Sequence classification

Besides one-step forecasting, esnfed does sequence classification: each input is a (possibly variable-length) sequence that maps to one class. The reservoir turns each sequence into a fixed feature vector (the mean or last extended state); a ridge readout on one-hot targets then classifies by argmax.

Because the readout is again a ridge regression, the exact federated scheme carries over unchanged — clients exchange the summed statistics A = FᵀF, B = FᵀY and the server solves once, recovering the pooled classifier exactly.

import numpy as np
from esnfed import EchoStateNetwork, topologies, datasets
from esnfed import classification as clf

jv = datasets.load_japanese_vowels()          # 9 speakers, 12-d cepstra
W = topologies.random_reservoir(120, density=0.1, rng=0)
esn = EchoStateNetwork(jv.n_features, jv.n_classes, W,
                       spectral_radius=0.9, leaking_rate=0.3, washout=0, ridge=1e-3)

# centralised
W_out = clf.train_classifier(esn, jv.X_train, jv.y_train, jv.n_classes)
acc = clf.accuracy(jv.y_test, clf.predict_labels(esn, jv.X_test, W_out))

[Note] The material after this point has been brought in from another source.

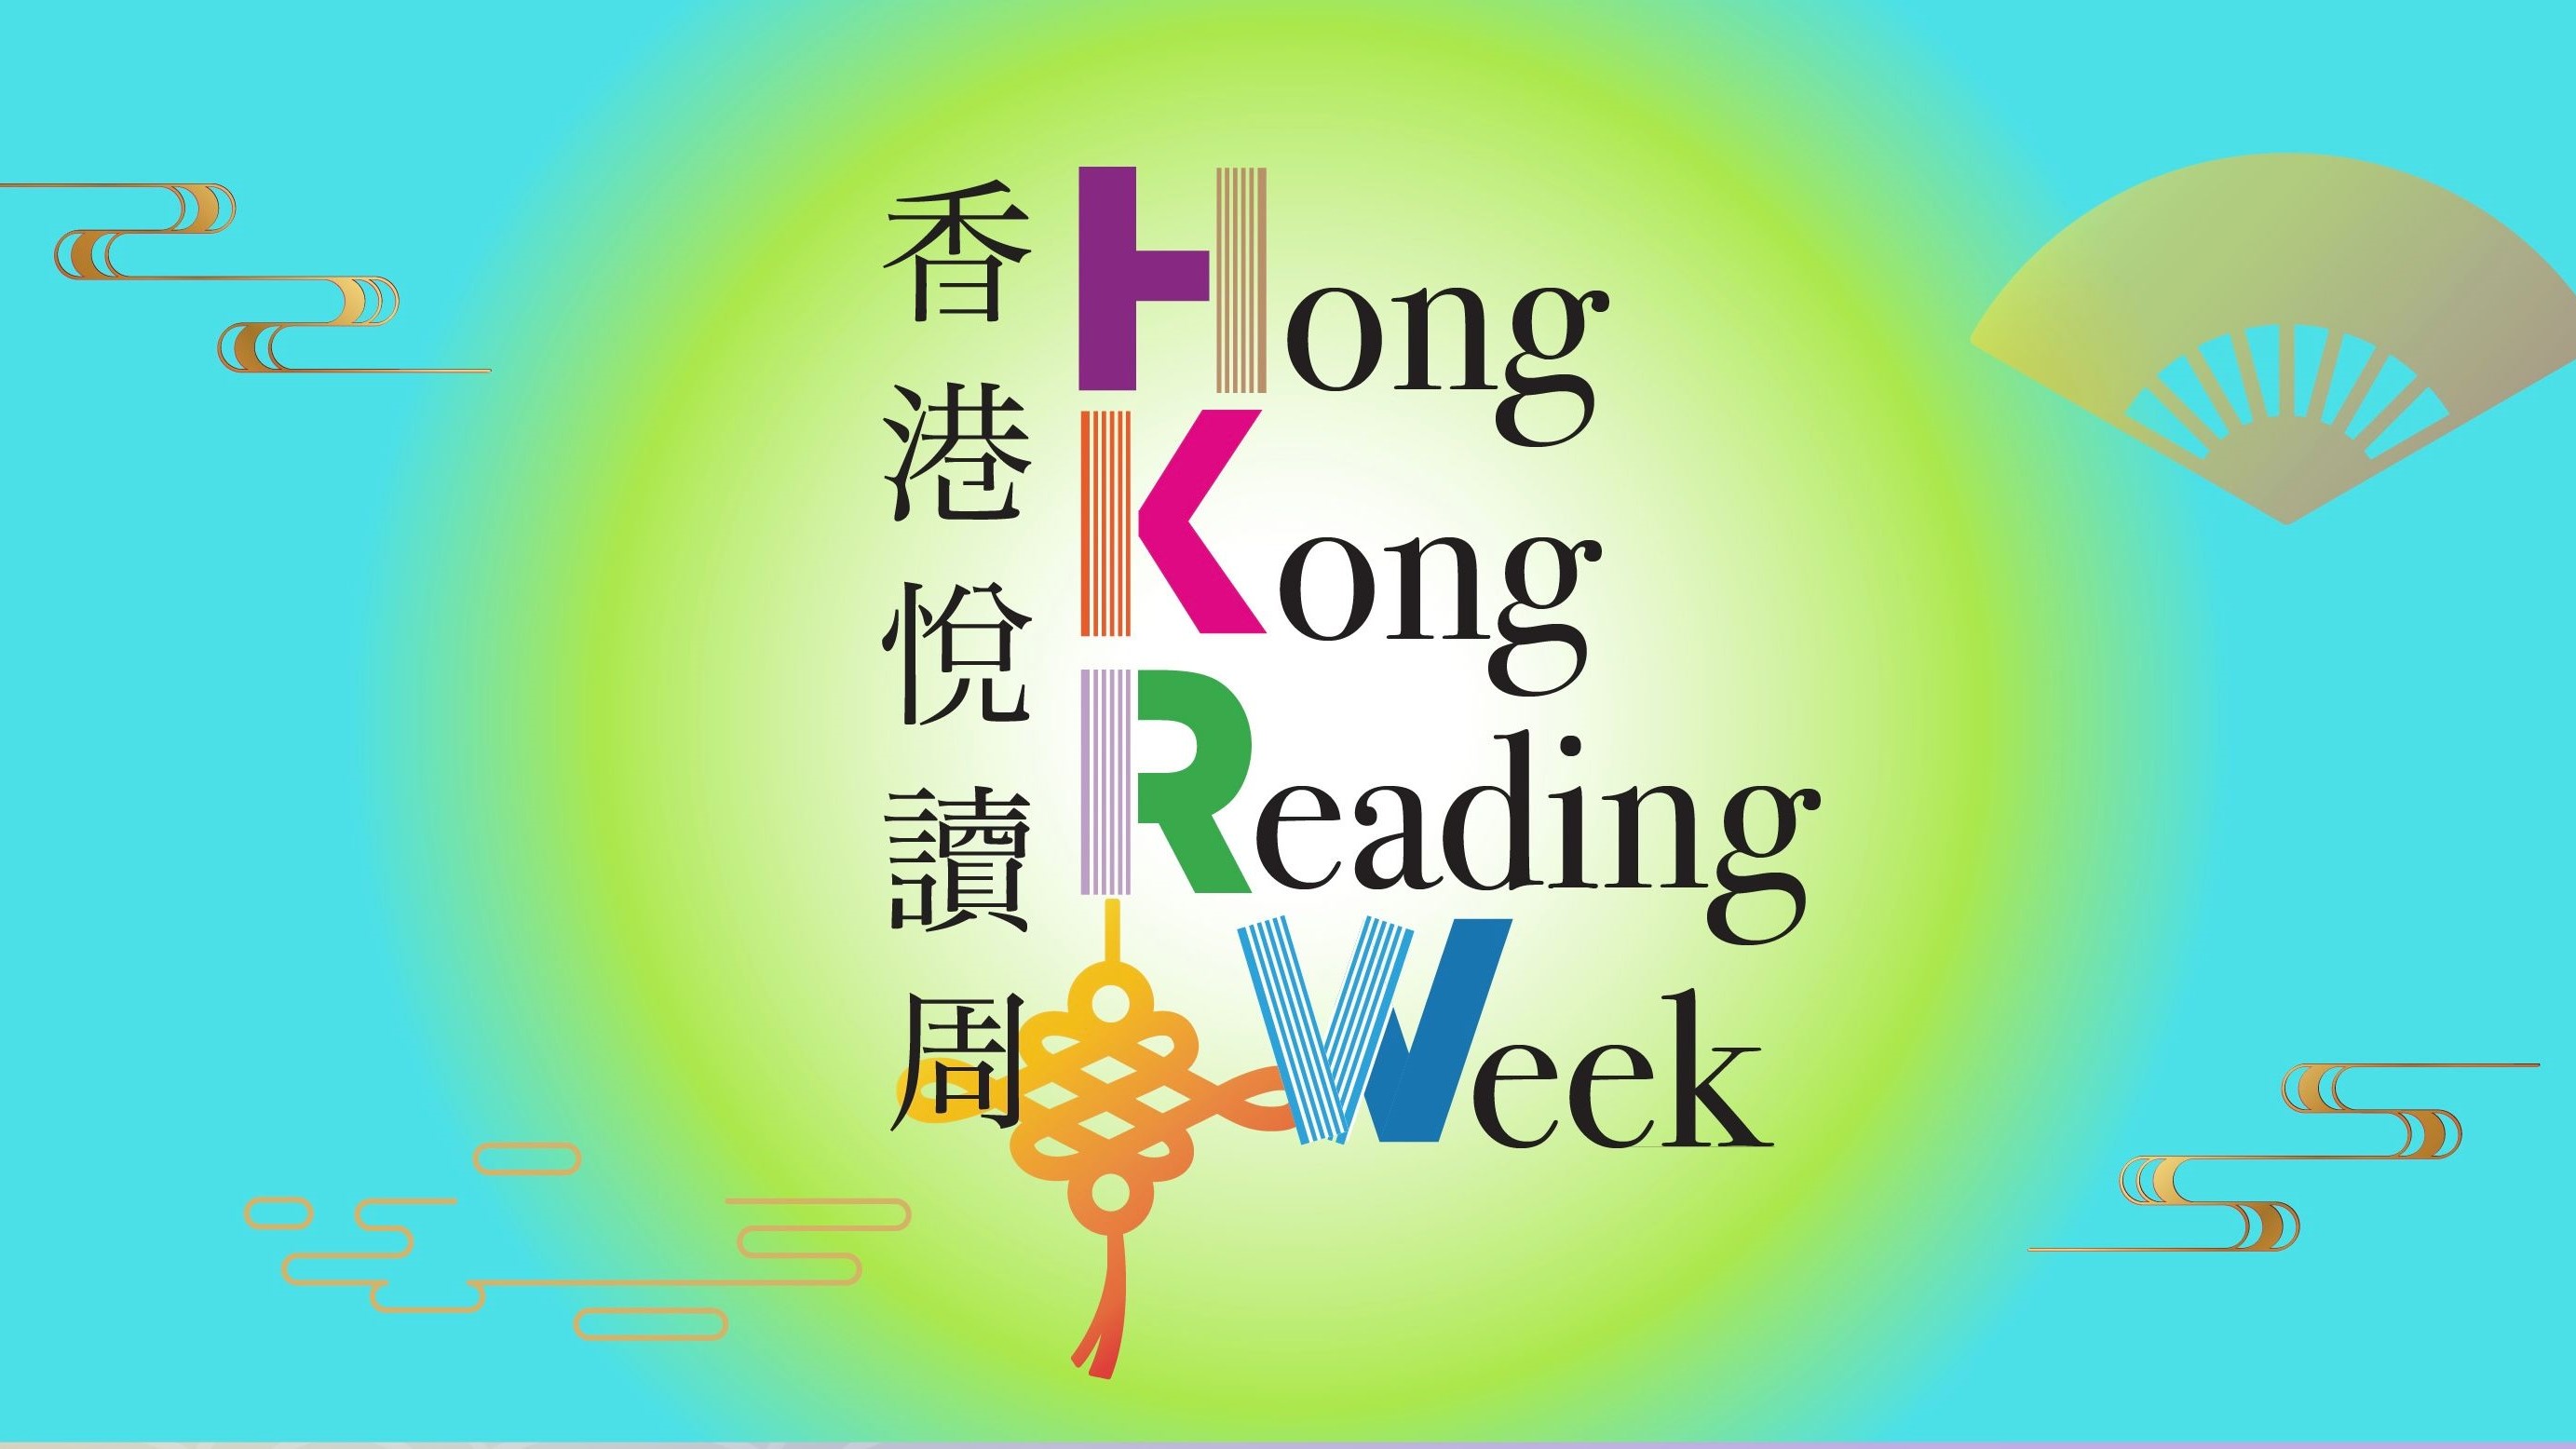 香港悅讀周 | 書香四月齊來學習中華文化 多場國學活動免費參與

# exact federated — one client per speaker, no raw audio shared
clients = datasets.group_clients(jv.X_train, jv.y_train, jv.groups_train)
W_fed = clf.federated_classifier(esn, clients, jv.n_classes)        # == centralised

API

Function Purpose
reservoir_features(esn, sequences, pool) sequence → feature (pool="mean"/"last")
train_classifier(esn, X, y, n_classes) centralised ridge classifier
federated_classifier(esn, client_data, n_classes) exact federated (sum A_k,B_k)
ensemble_classify(members, X) average softmax over heterogeneous members
predict_labels / predict_proba argmax / class probabilities
accuracy(y_true, y_pred) classification accuracy

Heterogeneous clients

When each client has its own reservoir, parameters can't be averaged — combine predictions instead:

members = [(esn_k, clf.train_classifier(esn_k, X_k, y_k, n_classes)) for ...]
y_pred = clf.ensemble_classify(members, X_test)

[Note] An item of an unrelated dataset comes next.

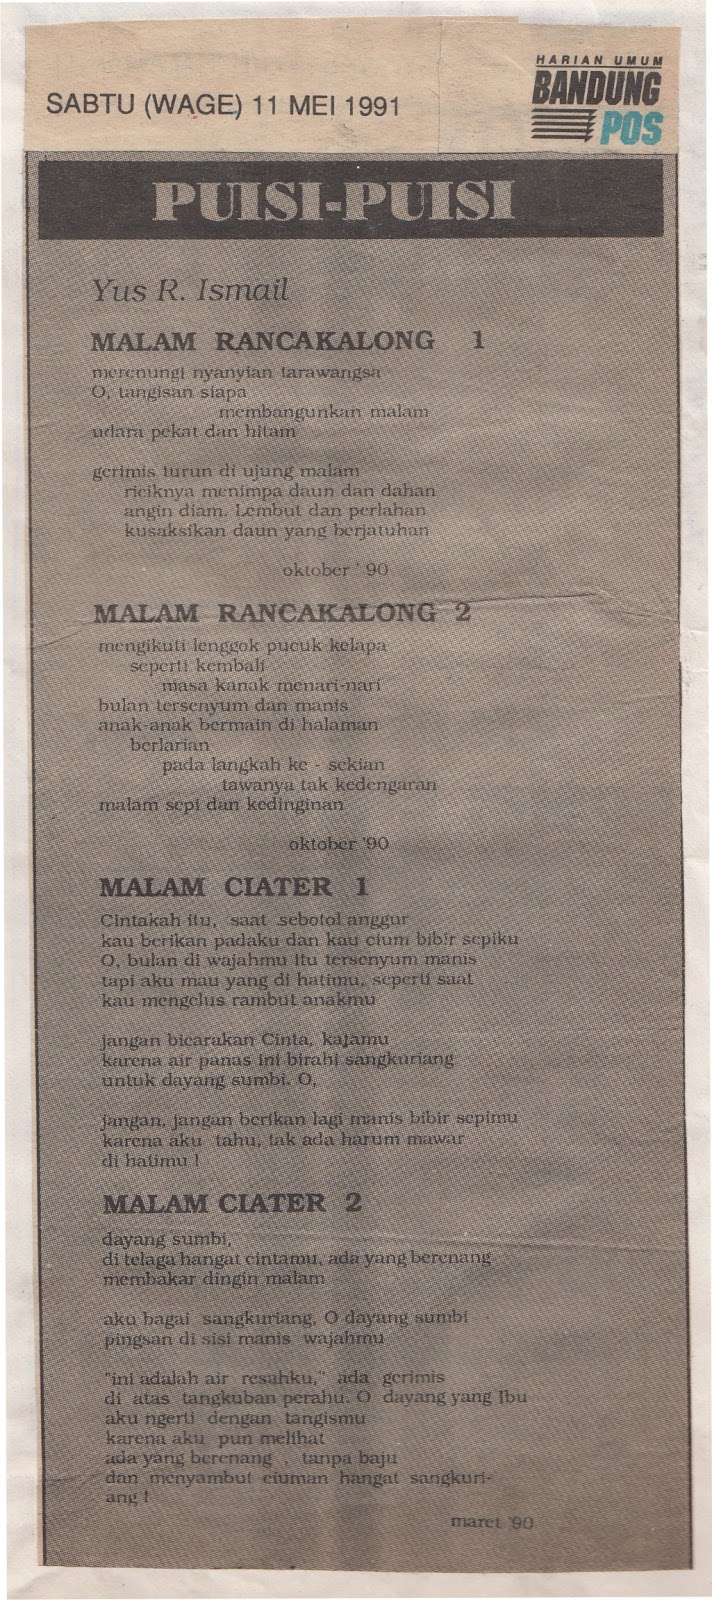 Puisi Bandung Pos: MALAM RANCAKALONGProses Kreatif Menulis

Validated on real benchmarks

See Benchmark datasets. Measured results (one client per natural group, no raw data shared):

Dataset Task Clients Federated Local-only
Japanese Vowels speaker ID (9-class) 9 speakers 0.98 ~0.11 (chance)
HAR Smartphones activity (6-class) 21 subjects 0.92 0.66

In both cases the federated classifier is numerically identical to centralised training on the pooled data; on Japanese Vowels the per-speaker split is extreme label skew, so local-only training cannot work at all — federation is essential. On HAR, a prediction ensemble over heterogeneous per-subject reservoirs reaches ≈0.84, between local-only and the shared-reservoir federated classifier.